Finally, I figured that the internal 1.8V supply, on average, is a good reference, but it needs to be heavily filtered. So, I made this passive VDD filter that slows the voltage WAY down. It can take 400mV steps at 10KHz and reduce them to a gentle 5mV ripple:
.... Here it is with a simulation of it taking a 500mV-stepped VIO and a 250mV-stepped VDD, and regulating a nice, clean 1.8V power supply that is delivering 2.5mA. You can see the regulated 1.8V in red (VDDQ), along with the crazy stepped VDD and VIO supplies that feed the regulator. In reality, VIO will never transition so abruptly (500mV in 10ns), and those 50ns/25mV VDDQ spikes will be much lower:
Does this have the same Load-C that the chip will present ?
What PSRR does that give with a sine/triangle on the VIO ?
Does the P2 have an operating mode of 1.8V on both core and IO ?
If that is planned, then maybe this reference should be made 90-95% of 1.8V, to allow a small drop-out margin ?
The Load-C is the same. The VCO now just runs off the new supply, directly. There are no more caps within the VCO for filtering VDD. Those 100 caps in the regulator are all that is needed.
The PSRR would be very low with a sine or triangle wave on VIO. I gave it the torture test with a square wave and that step you see in the output is due mainly to charge injection into the WOTA's input PMOS gates. As VIO slams up or down, the source-gate charge transfer actually causes a net voltage change on F6's m=20 cap.
Only the I/O pins' interfacing runs at 1.8V. The PLL and the OSC are entirely 1.8V ciruits, though.
Maybe I'm not understanding, but the regulated quiet VDD supply will, on average, be the same as the internal VDD. The interfaces between those realms is pure digital, so I don't think there should be any trouble.
The PLL includes the PFD and the VCO, though only the VCO will need to run off the quiet supply.
Maybe I'm not understanding, but the regulated quiet VDD supply will, on average, be the same as the internal VDD. The interfaces between those realms is pure digital, so I don't think there should be any trouble.
Yes, I was just thinking of a possible case where VIO was 1.8V, when the result is no headroom for the regulator.
If VIO is always >> 1.8V, (2.5 or 3.3v) then there is enough headroom.
The PLL includes the PFD and the VCO, though only the VCO will need to run off the quiet supply.
OK. The PFD integrator caps need to use the Quiet supply, and the charge pumps should also use quiet, but the pure-digital elements of PFD are less important.
Maybe I'm not understanding, but the regulated quiet VDD supply will, on average, be the same as the internal VDD. The interfaces between those realms is pure digital, so I don't think there should be any trouble.
Yes, I was just thinking of a possible case where VIO was 1.8V, when the result is no headroom for the regulator.
If VIO is always >> 1.8V, (2.5 or 3.3v) then there is enough headroom.
The PLL includes the PFD and the VCO, though only the VCO will need to run off the quiet supply.

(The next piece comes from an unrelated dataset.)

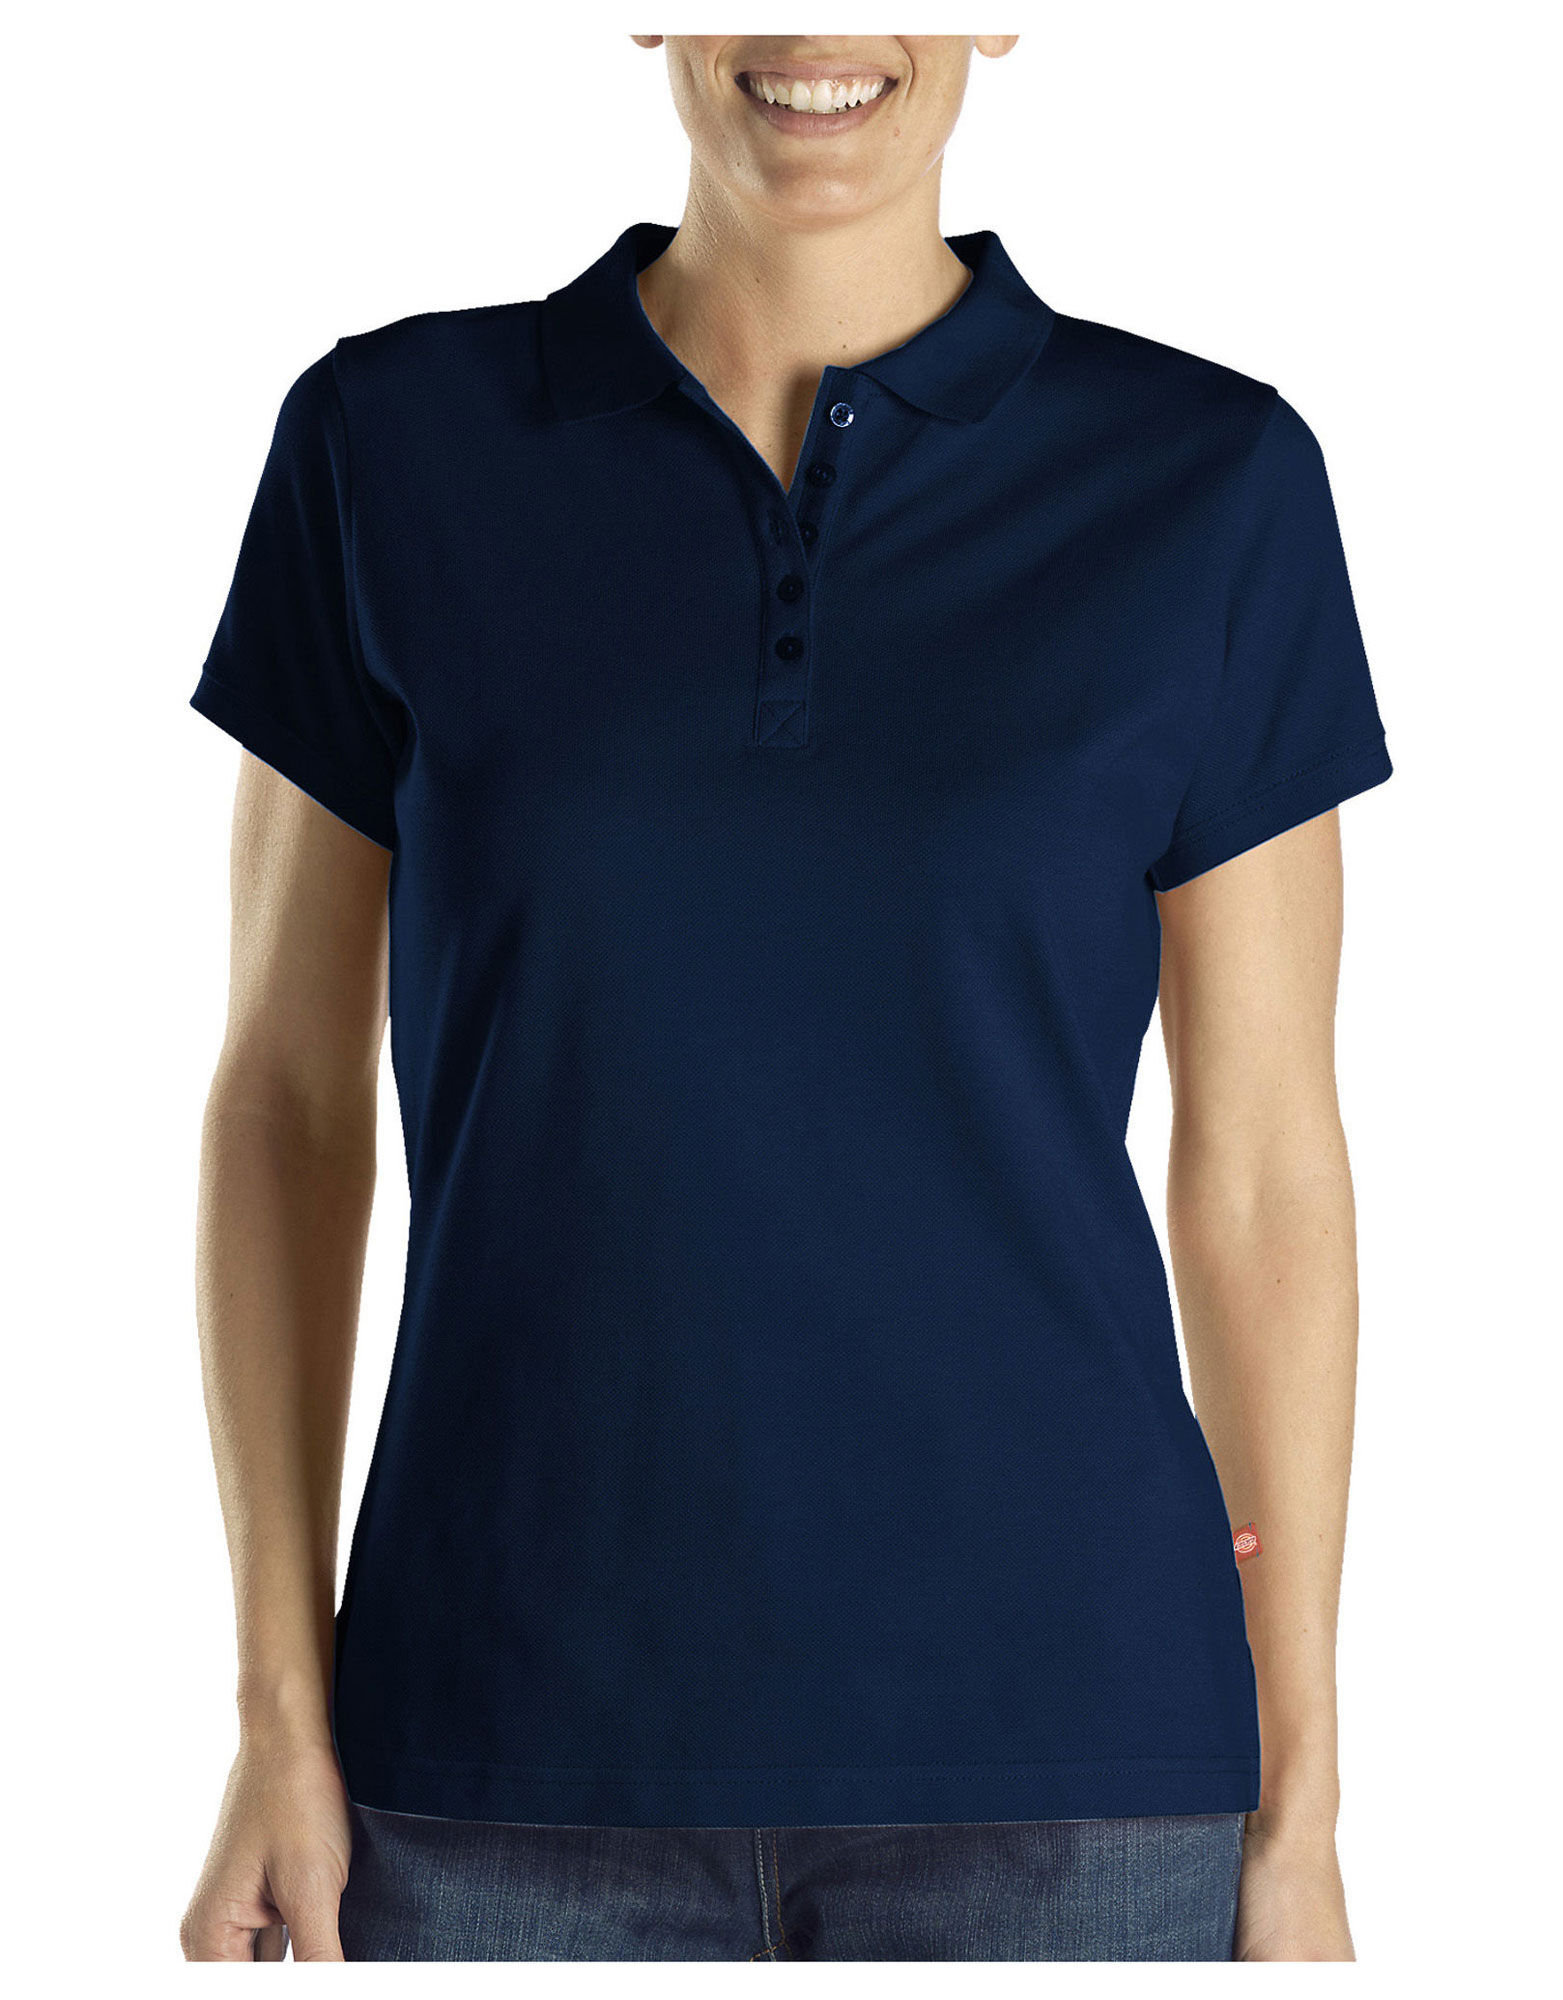 navy blue polo shirt womens

OK. The PFD integrator caps need to use the Quiet supply, and the charge pumps should also use quiet, but the pure-digital elements of PFD are less important.
VIO must always be 3.3V, so there is always headroom over VDD (1.8V).

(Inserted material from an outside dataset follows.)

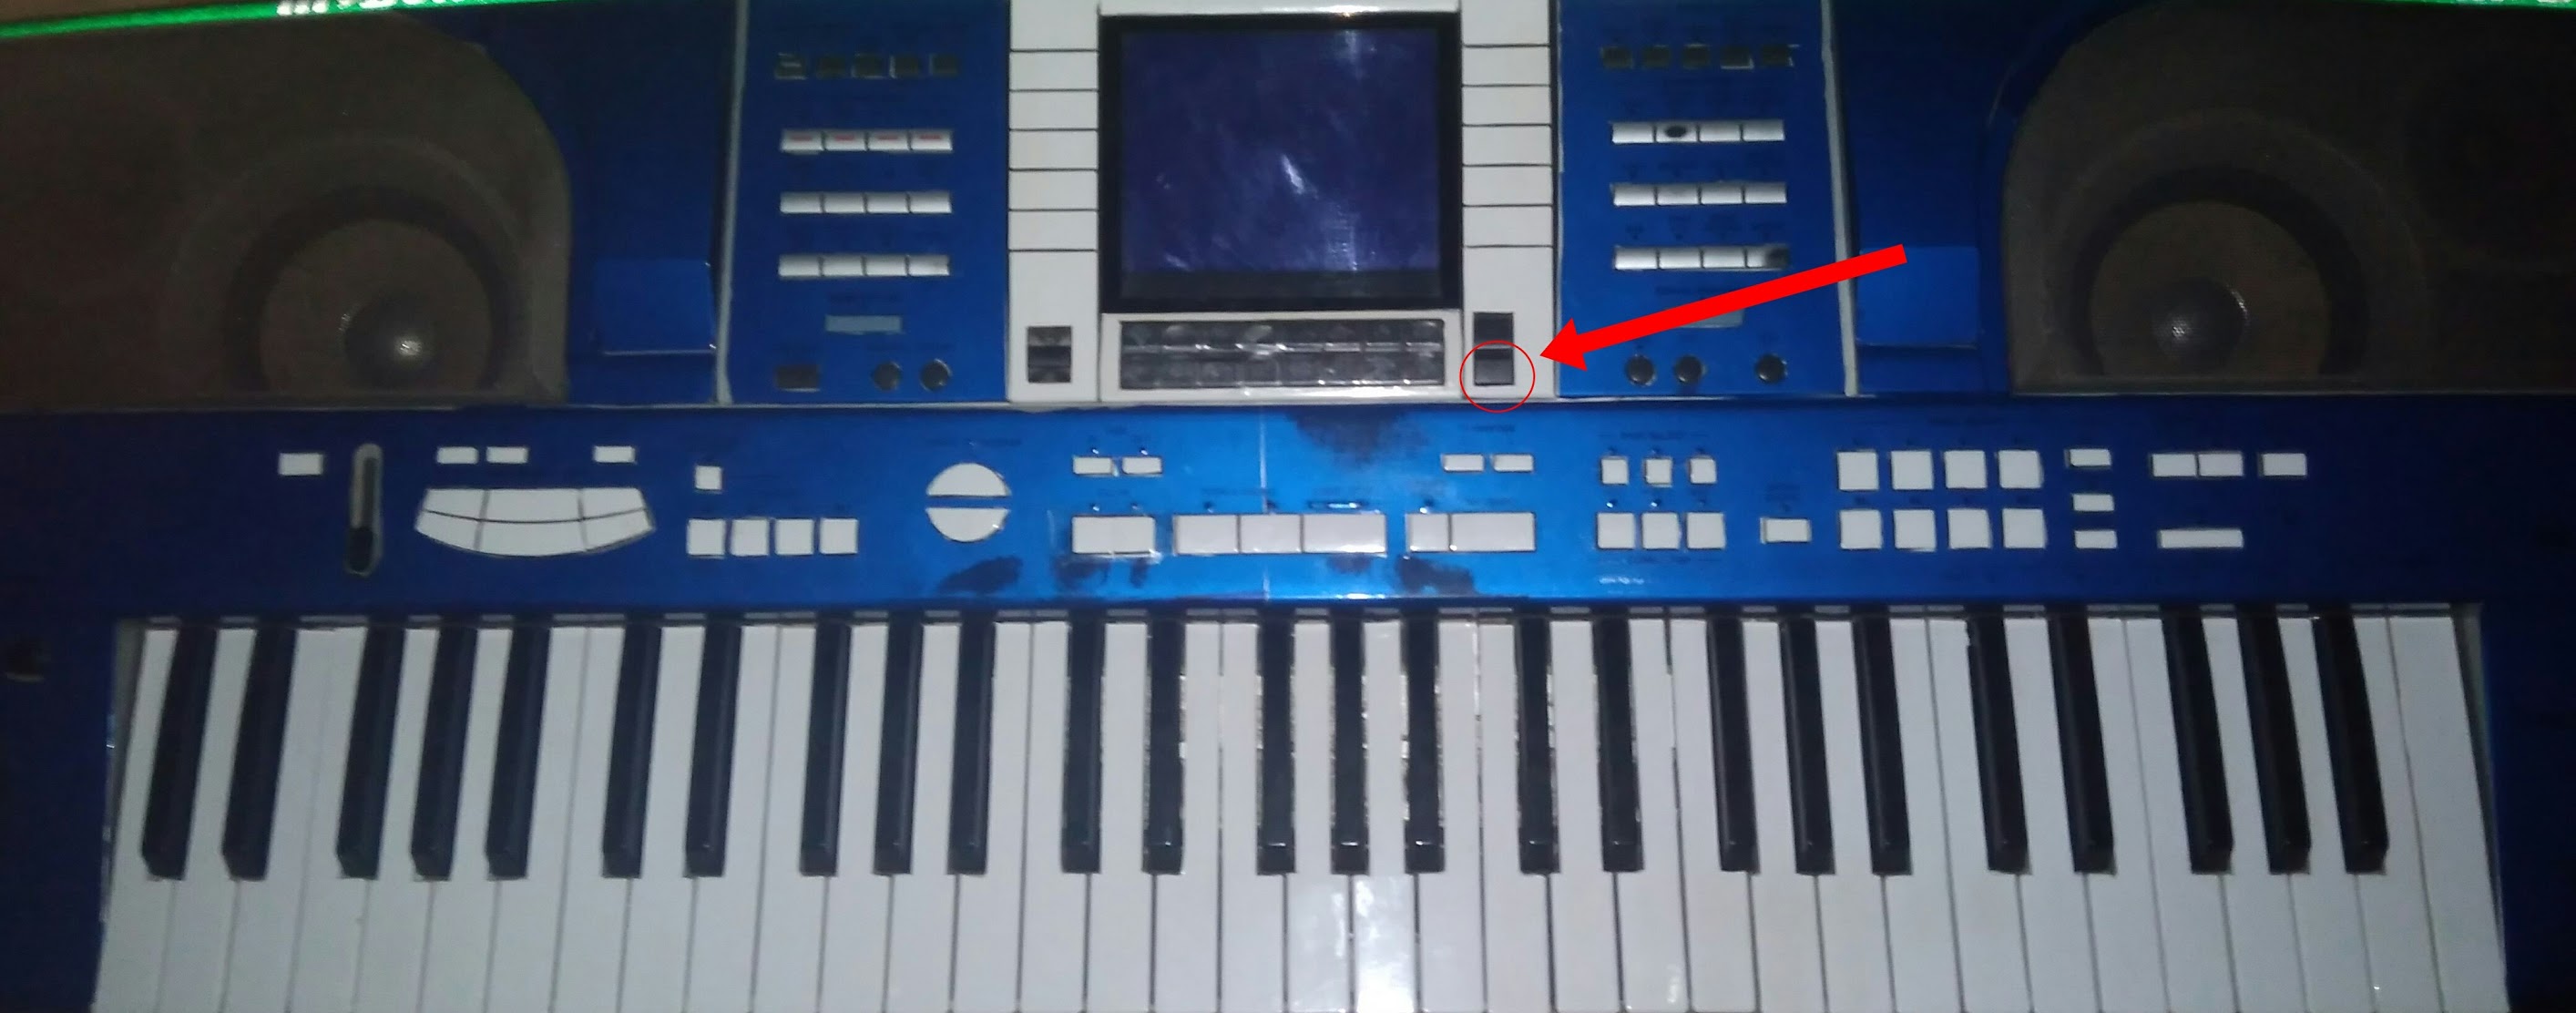 Tutorial edit drum kit atau kendang keyboard technics kn2600/2600 dengan mudah

Right about the purely digital stuff in the PLL being run from the main VDD, not the quiet VDD.
I have a question that you'll probably know the answer to:
In these OnSemi models, Monte Carlo simulation is controlled by two variables, which are each either 0 or 1: var_ms_mis and var_mc_proc. Var_mc_mis is for device-to-device mismatch and var_mc_proc is for process variation. They are used as follows throughout the models:
abs_variation: Largest deviation from nominal_val that can be obtained from a uniform or limit distribution, or the standard deviation multiplied by sigma for a Gaussian distribution.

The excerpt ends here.